The function of the injection system is as follows. In the suction stroke of the pump 1 becomes fuel through the passage 10 with open control valve 2 from the low pressure range 6 sucked. When the pressure in the accumulator 3 has not yet reached the desired pressure level, the control valve becomes after the intake stroke 2 closed so that fuel through the check valve 5 in the pressure accumulator 3 is promoted. This fuel delivery through the pump 1 , continues until the desired pressure is in the pressure accumulator 3 is reached. The pressure in the accumulator 3 the control valve is reached or exceeded 2 also during the pressure stroke of the pump 1 opened so that no fuel is pumped into the pressure accumulator 3 takes place, but the intake fuel again through the control valve 2 back to the low pressure range 6 is promoted. Since, according to the exemplary embodiment described, regulation takes place on the basis of a fuel mass balance, the regulation of the pressure level can be carried out with high accuracy, so that the desired pressure value in the pressure accumulator is exceeded, if at all, only very briefly. This enables a very high degree of efficiency to be achieved since unnecessary fuel delivery can be avoided.

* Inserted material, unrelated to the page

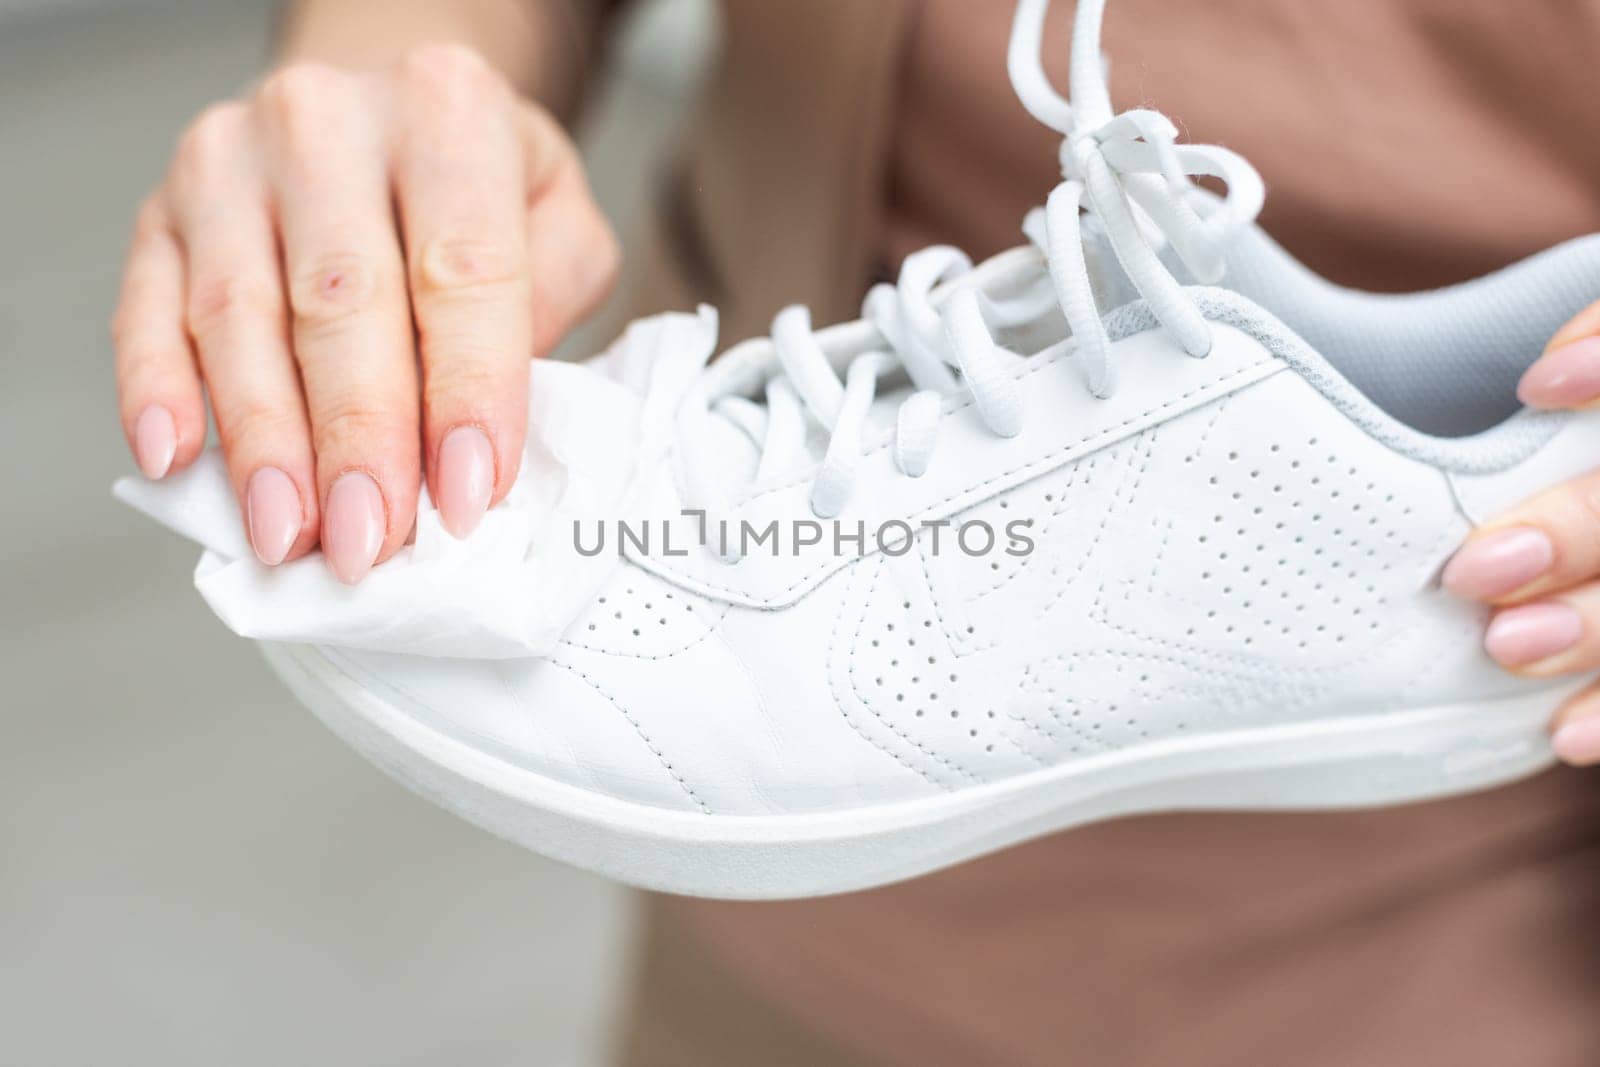 Cleaning white sneaker with cloth. High quality photo
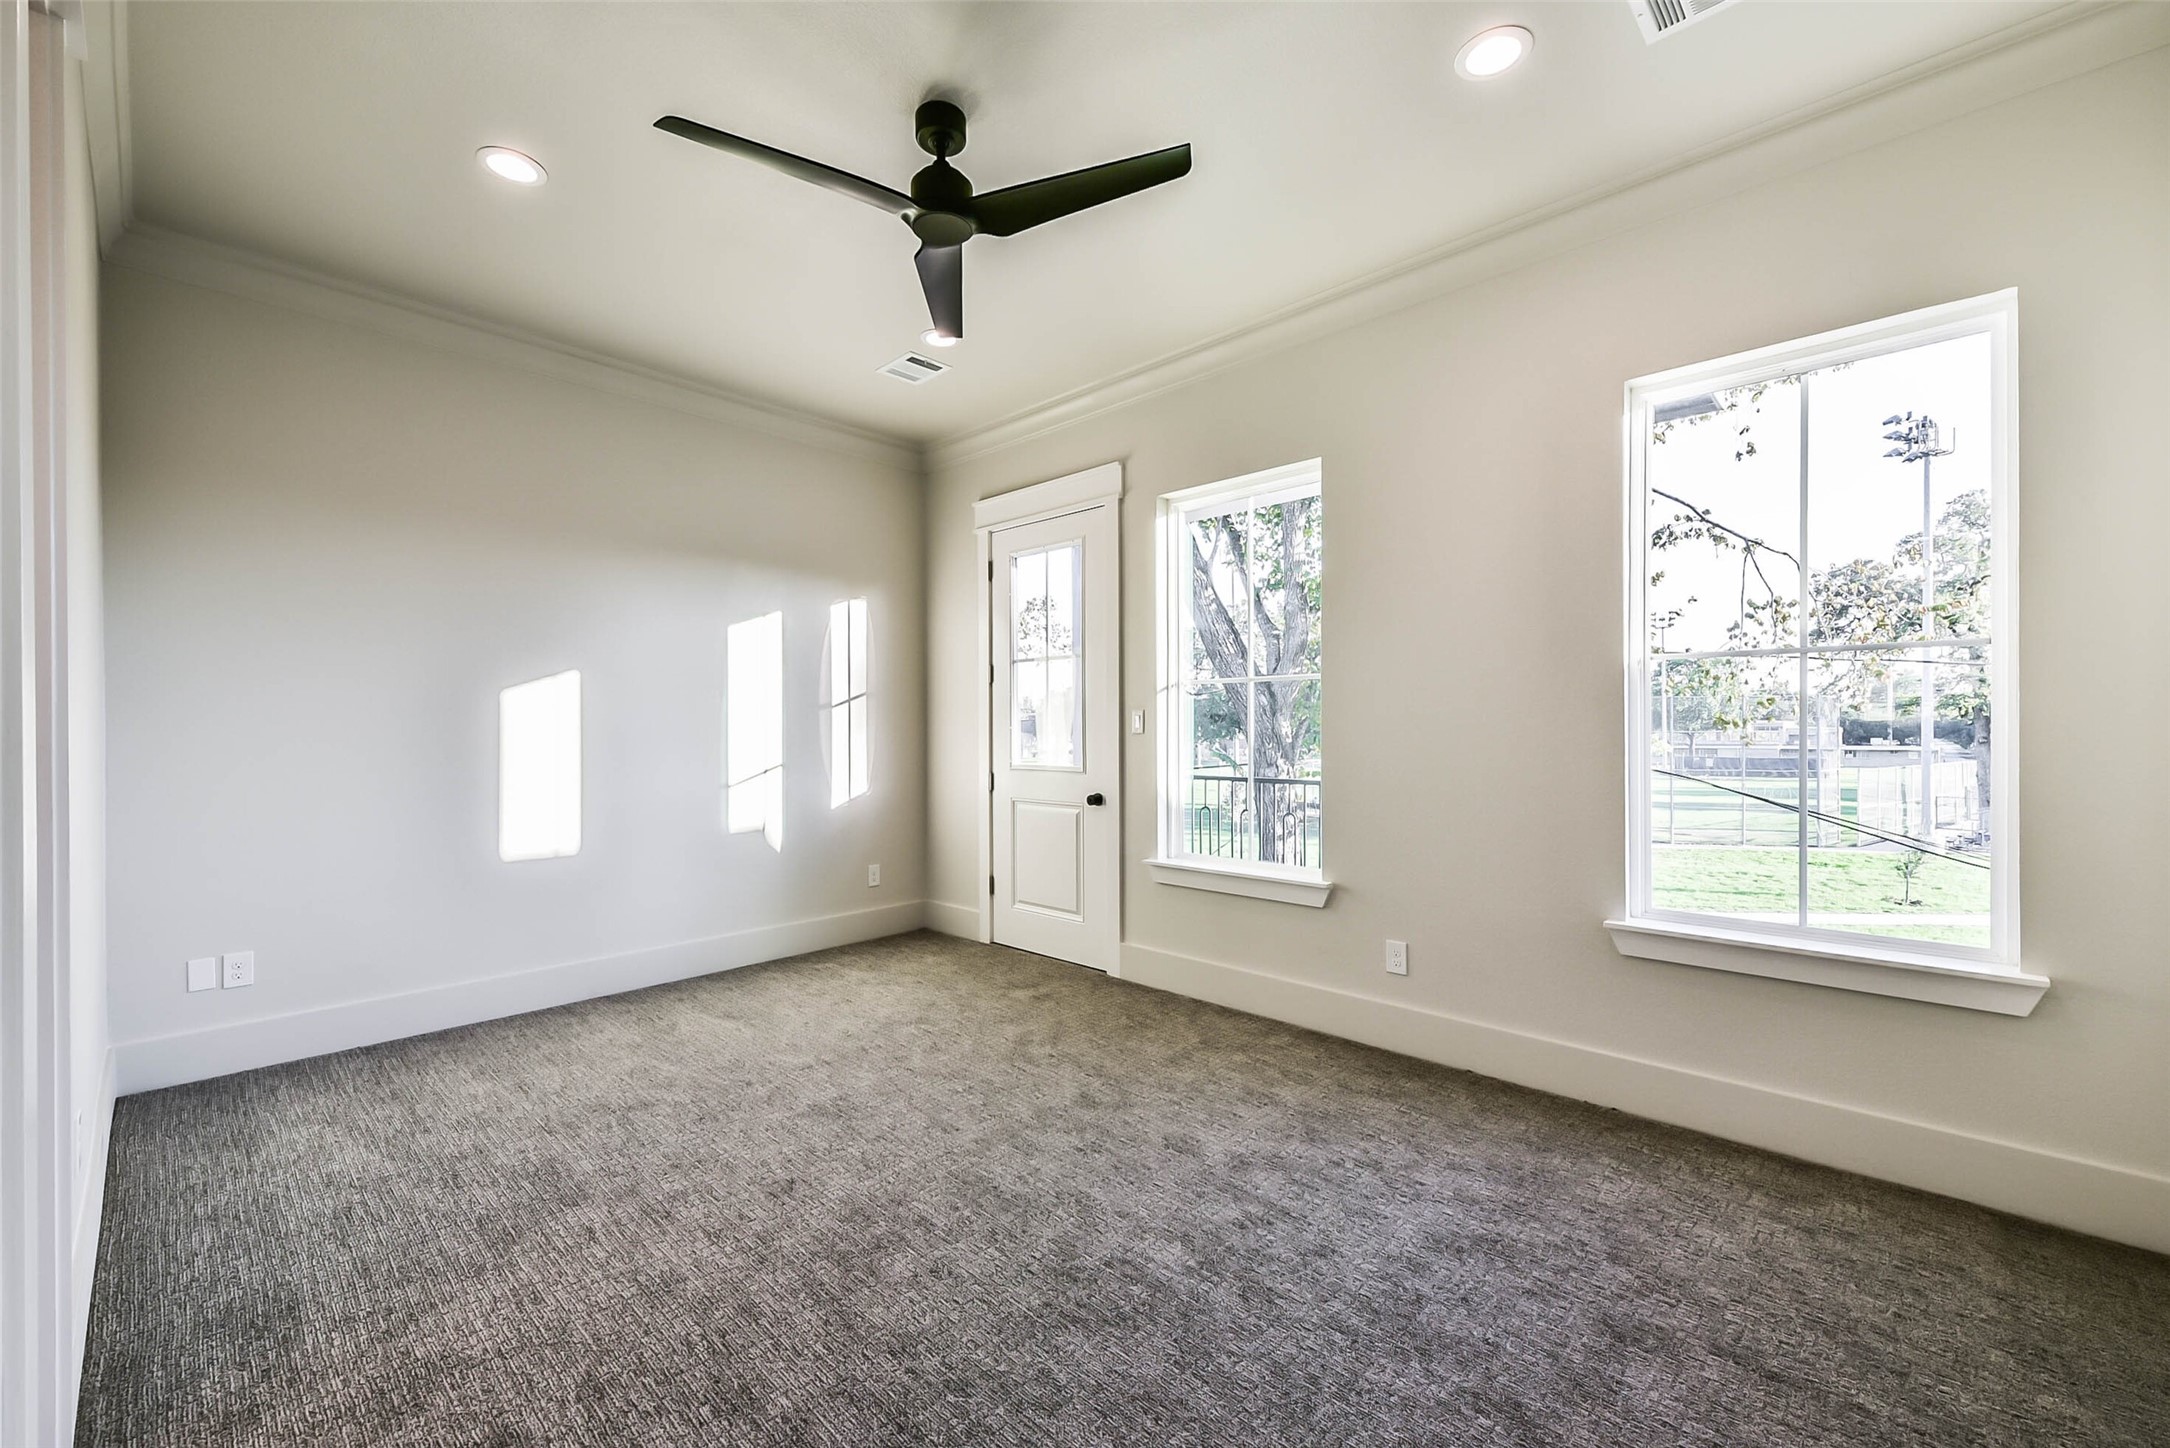 Large secondary bedrooms with high ceilings, recessed lights and divided light windows.

The determination of the fuel pressure p in the pressure accumulator 3 To regulate the pressure level according to the _{exemplary embodiment} , the fuel _{mass balance is} as follows: The fuel pressure p is increased by the fuel _mass m _{pist fed} into the pressure accumulator by the fuel pump and by the injection valves 4 removed fuel _mass m _inj calculated. The fuel pressure is calculated using equation 1:

The pressure p is also determined by the fuel temperature T _fuel, the density ρ of the fuel, the modulus of elasticity E of the fuel and the pressure storage volume V _Rail . The modulus of elasticity E and the pressure accumulator volume V _Rail remain constant. The modulus of elasticity of the fuel is understood to be a value which depends on the type of fuel, the temperature and the compressibility of the fuel, the extensibility of the pressure accumulator and the material of the pressure accumulator, the modulus of elasticity of the fuel in particular on the temperature and depends on the compressibility of the fuel. In addition to the temperature and the compressibility of the fuel, the modulus of elasticity E also depends in particular on the elasticity of the pressure accumulator, since very high pressures occur in the pressure accumulator in today's injection systems. Based on this equation 1, an accurate pressure level control can be carried out by means of a fuel mass balance, so that an unnecessary return of fuel can be substantially avoided and a significantly higher efficiency than in the prior art can be achieved.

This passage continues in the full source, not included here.